Based on a warning issued about ten days ago by the Centers for Disease Control, romaine lettuce is the latest casualty on the healthy-eating food chain. The contaminated leaves apparently come from Yuma, Arizona. Yuma, famous for its Tamale Festival, is also the winter home of romaine lettuce growing. Who knew?
Every orthodox salad eater has to be devastated by the restraining order that has been placed on the purchase of bags of whole heads and hearts, and salads and salad mixes containing romaine. Unless the lettuce comes with a birth certificate verifying that it was not from Yuma, we have been warned not to buy it. If you have romaine at home, and cannot account for its origins, throw it out.
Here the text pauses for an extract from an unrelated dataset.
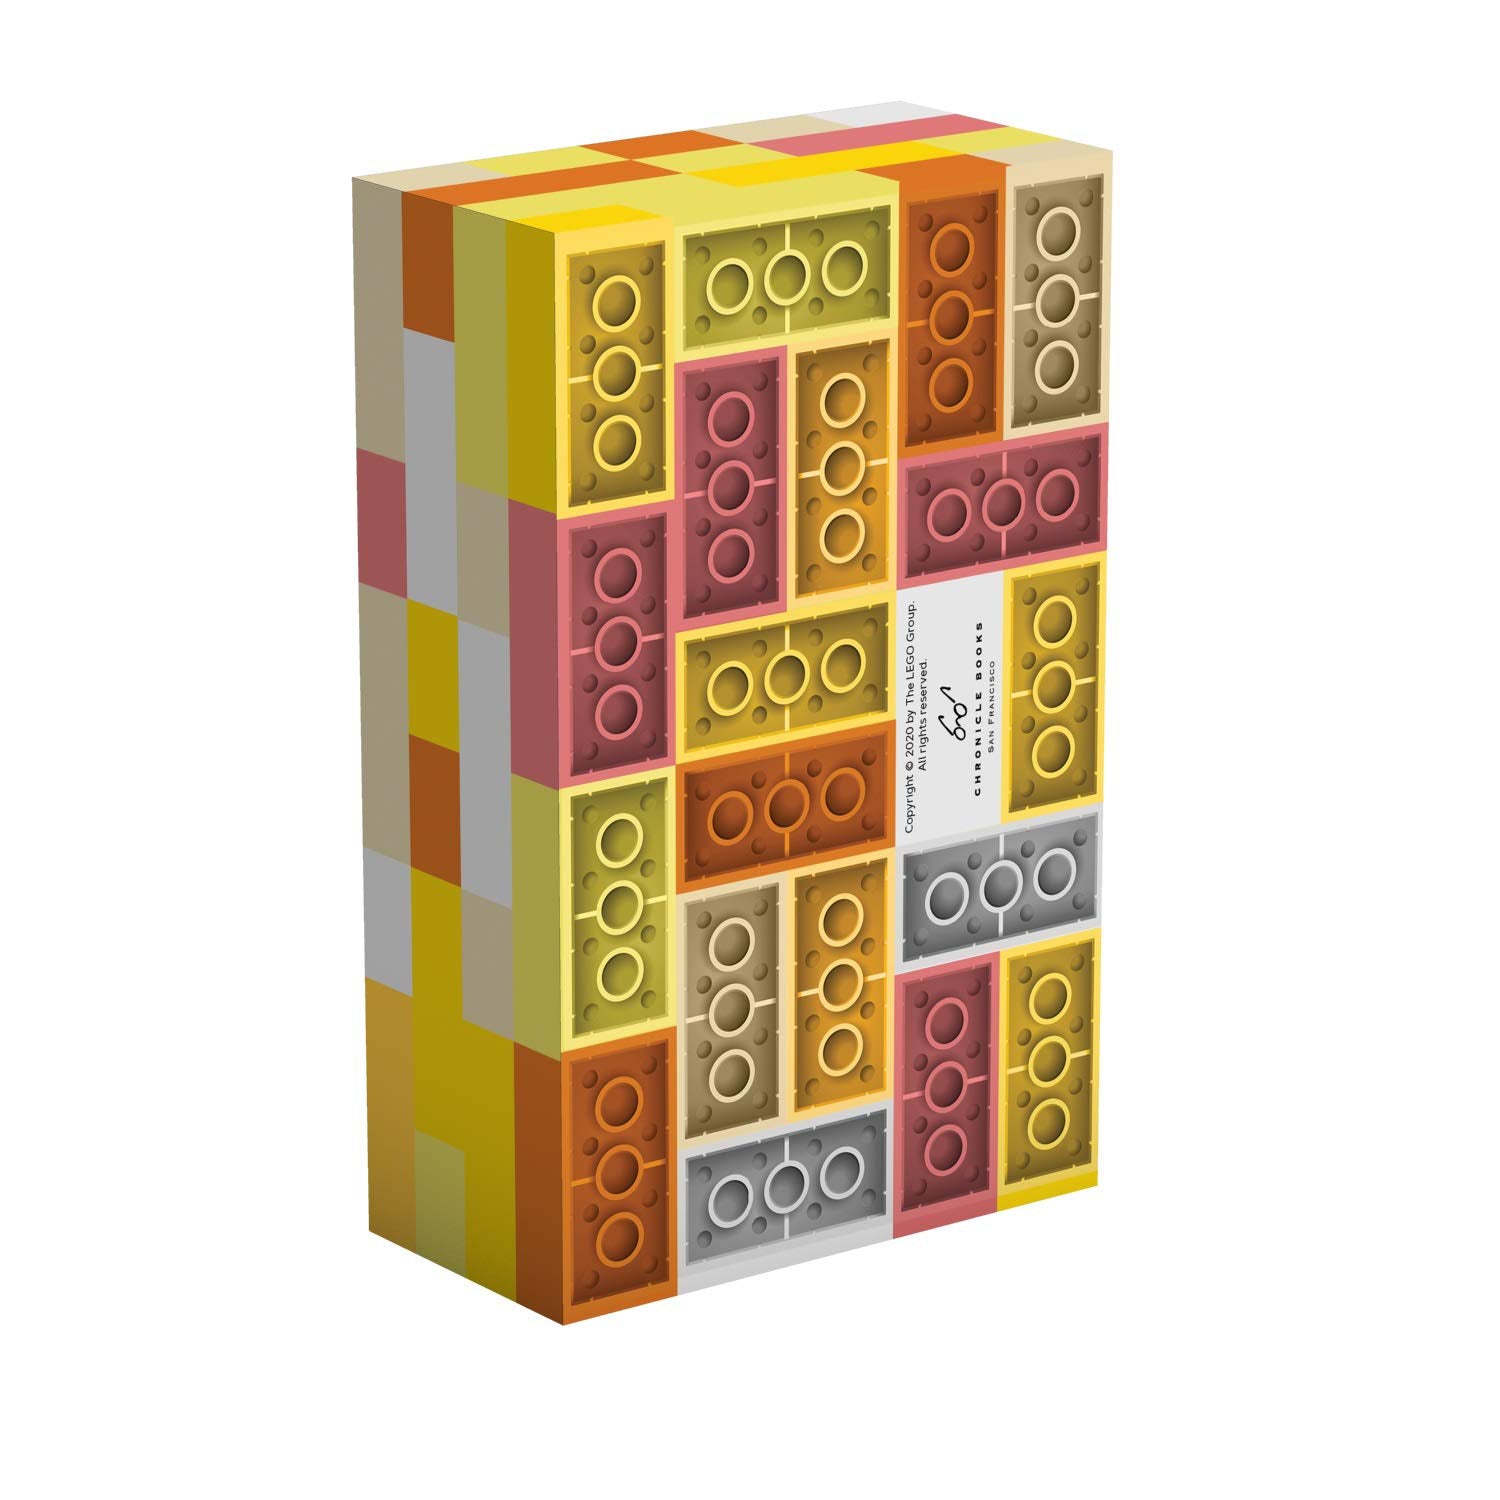 book-lego-note-brick-yellow-orange- (3)

To quote one who obviously doesn’t eat a whole lot of salad, “SAD!”
This is not the first time we’ve been cautioned about lettuce. There was a recall last year, and the year before. Remember the lettuce boycott of 1970? Subtracting the leafy greens from my shopping list added five pounds to my scale.
For the ladies who lunch, lettuce warnings are particularly devastating. All the sacrificed meals in the name of health and weight-control, abstaining from real food in favor of “I’ll just have a salad,” makes yet another restriction a particularly cruel blow.
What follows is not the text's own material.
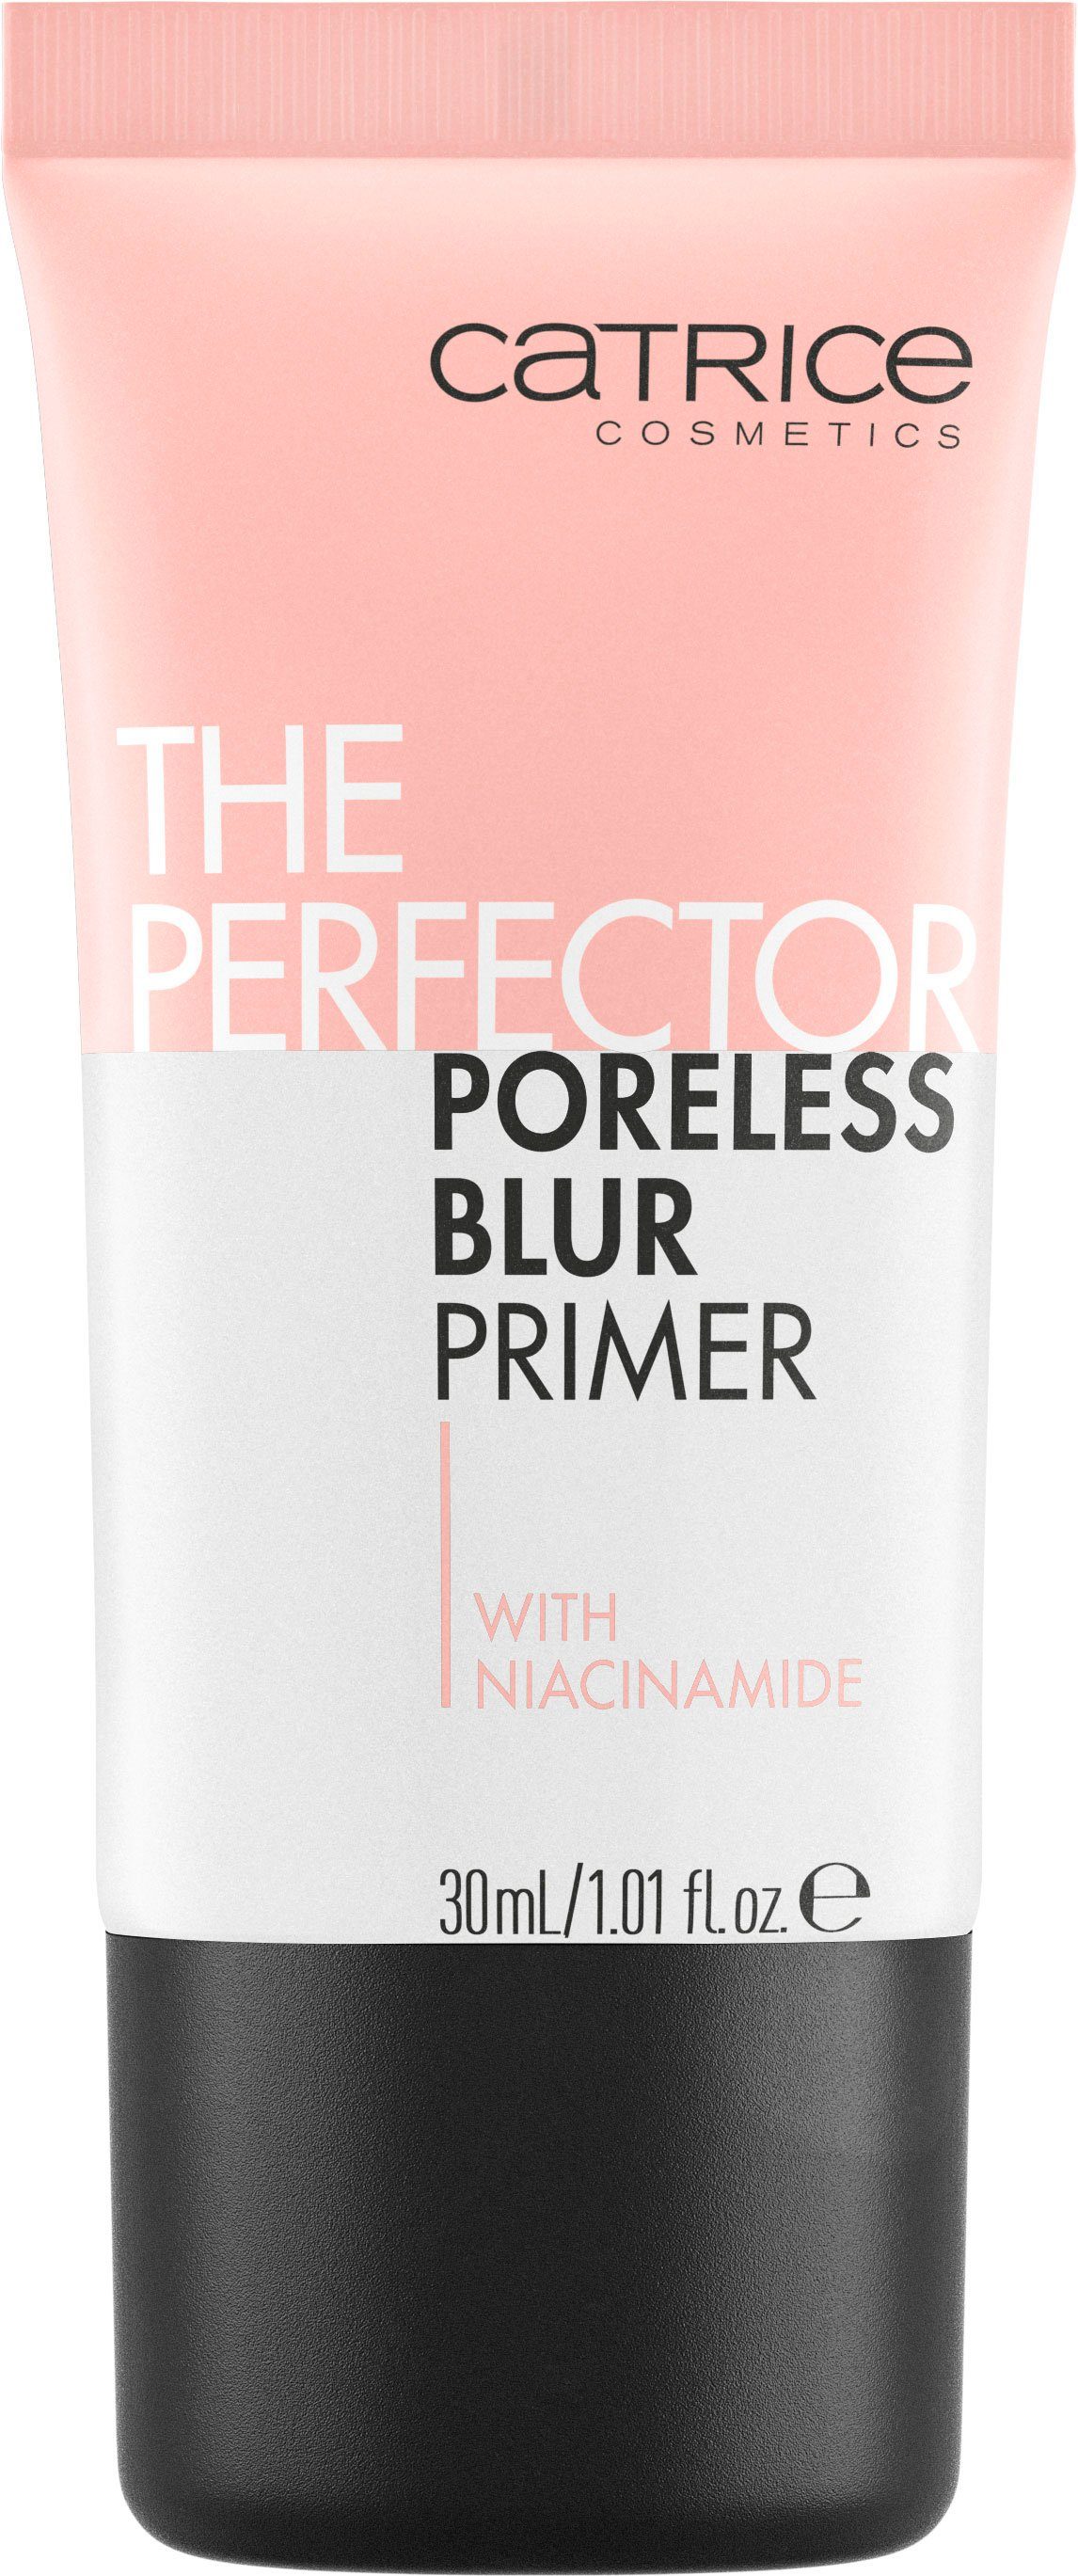 Catrice Blur Primer 3-tlg. Poreless The Perfector Primer,

For now, other types of lettuces maintain the good eating seal of approval, and might be a fine substitute for most salad preparations. And there are plenty of other ingredients one can add to make a salad palatable.
But for Caesar salad, my particular favorite, romaine lettuce is obligatory.
Yes, I’ve tried the trendy kale Caesar, but using kale for a Caesar salad is about as authentic as an omelet made with egg whites. To quote Nora Ephron, “You don’t make an omelet by taking out the yolks.” And by the same reasoning, you don’t make a Caesar by taking out the romaine. Just ask Martha Stewart, who, by the way, offers a very good recipe for Caesar salad, in case you’re interested.
While the Caesar may not be high on the list of low calorie possibilities, it is nevertheless one of my guilty pleasures. The ingredients are so simple, really. The lettuce, and make mine crispy romaine, is the only vegetable. Add some croutons (what a great way to recycle stale bread), and sprinkle with some parmesan cheese. I admit if you’re a purist, the dressing might take a bit of time, but even using short cuts, you can still have a pleasing result.
As for the anchovies, I get it if you find the little hairy creatures an appetite suppressant. But to me, a Caesar isn’t a Caesar without them.
While these days it’s rare that a restaurant engages in the theatrics of preparing a Caesar salad table-side, it remains, for the most part, my default appetizer. If my entrée comes with a choice of soup or house salad, and the Caesar demands an up-charge, it’s okay if you don’t want to split the bill down the middle. I’m going to order it anyway.
All of which brings us to the reality of today. Am I really supposed to ask the waiter if their lettuce has been cleared by Ancestry.com? I don’t think so. I suppose the prudent thing to do is simply order something else. And at home, I did sadly dump a brand-new unopened bag of hearts of romaine into the garbage.
So until we get the all-clear from the CDC, Caesar salads are off the table. Literally. But I shall weather the storm. To borrow again from Shakespeare, while my youthful salad days may be over, I’m confident that many more Caesar salad days lie ahead.
P.S. Here’s some Caesar salad lore. The name actually has nothing to do with Julius. The salad was created by an Italian chef named Caesar Cardini, and first served table-side at a restaurant he owned in Tijuana, Mexico, in the 1920s. Living in San Diego at the time, Cardini opened a restaurant in Tijuana to sidestep Prohibition.